Florence Hemenway v. Frank P. Hemenway

Decision Date01 January 1893
Citation27 A. 609,65 Vt. 623
PartiesFLORENCE HEMENWAY v. FRANK P. HEMENWAY
CourtVermont Supreme Court

GENERAL TERM, 1893

Libel for divorce. Heard at the December term, 1892, TAFT, J presiding. Libel dismissed. The libellant excepts.

Exception sustained, judgment reversed, and inasmuch as the trial court has not certified that it found the marriage and residence proved, the cause is remanded.

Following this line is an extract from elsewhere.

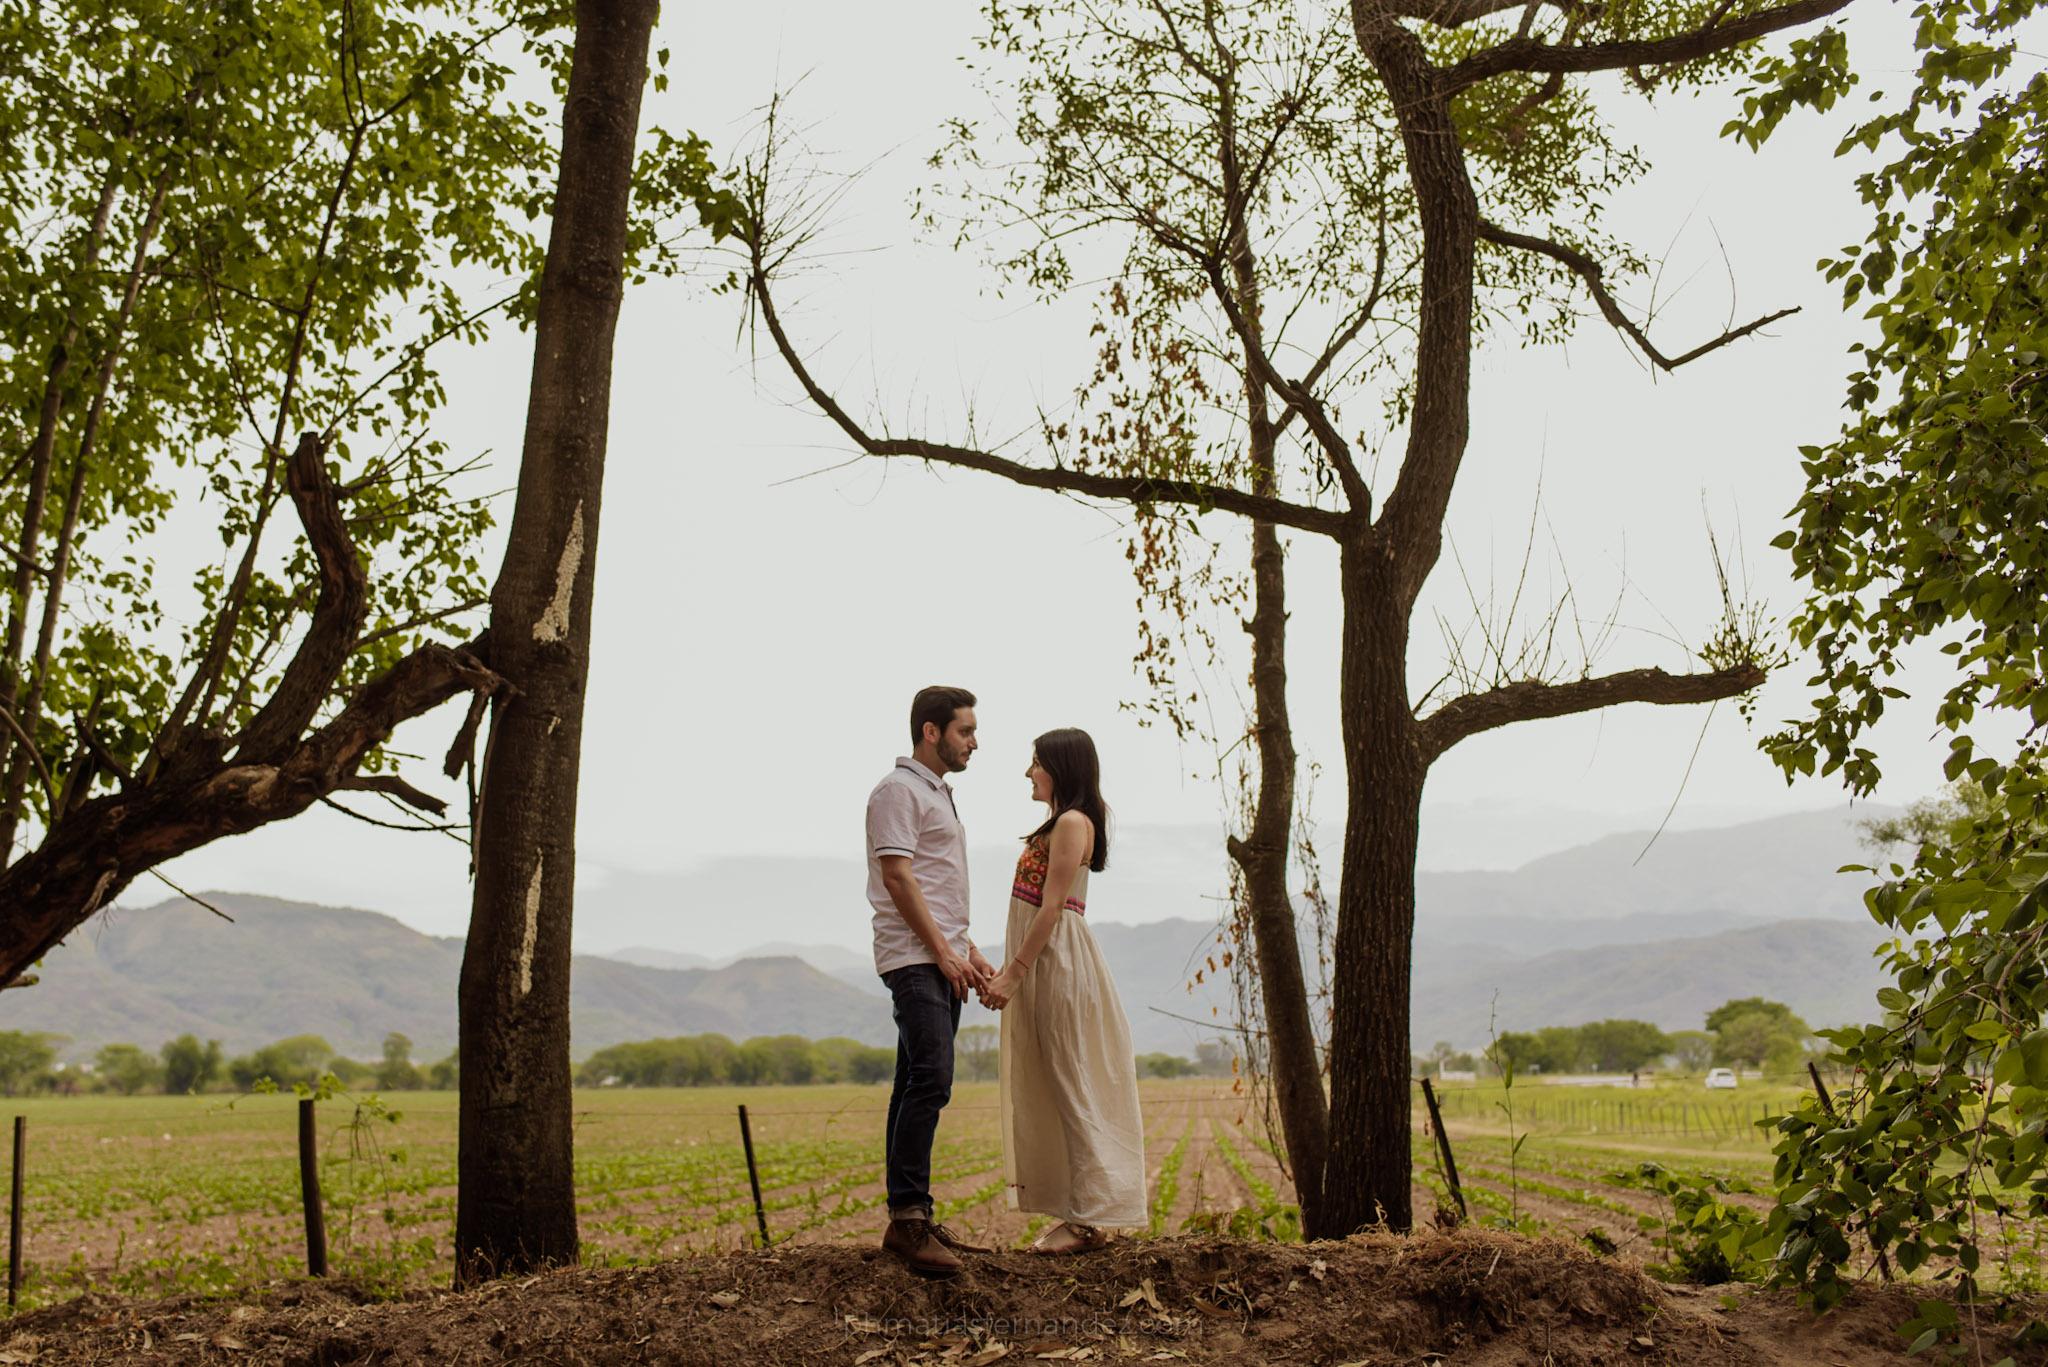 Flor & Alvaro - phmatiasfernandez - matias fernandez

H F. Brigham for the libellant.

Before ROSS, CH. J., ROWELL, MUNSON AND START, JJ.

OPINION

ROSS

This case presents the question whether a divorce for wilful desertion can be granted on a petition brought before the three years have expired, when that time has fully expired at the time of the hearing. By R. L. 2,362 it is provided that a divorce from the bonds of matrimony may be granted for wilful desertion for three consecutive years. The cause is not complete until the end of that time. If during that time, even to the last day, the deserting party, in good faith, returns and offers to resume the marital relation, the cause would be defeated. At common law, and usually under statute law, a suit cannot be instituted until the cause is complete. But this statute was so construed when jurisdiction of divorces was in this court as to allow a divorce, if the cause was complete at the time of hearing, although it was incomplete at the time the libel was served. Under that construction the practice grew up of frequently bringing the libel before the expiration of the three consecutive years. This practice has continued to the present time and no practical inconvenience has arisen from it. If the construction was unwarranted, presumably it would have been corrected by legislation. Divorce proceedings are of the nature of session proceedings, and not subject to the ordinary rules of pleading and practice. Usually there are no pleadings except the libel. The libel is not required to conform to the common law rules in regard to declarations. The libel is frequently helped by rule for specifications. The libellee frequently does not appear. When he does appear without any plea he may show any fact that will defeat the libellant, such as condonation or recrimination or former adjudication. Mitchell v. Mitchell, 11 Vt 134; Booth v. Booth, 11 Vt. 206; Blain v. Blain, 45 Vt. 538; Stearns v. Stearns, 10 Vt. 540; Shackett v. Shackett, 49 Vt. 195; Foster v. Redfield, 50 Vt. 285; Burton v. Burton, 58 Vt. 414, 5 A. 281. Fr...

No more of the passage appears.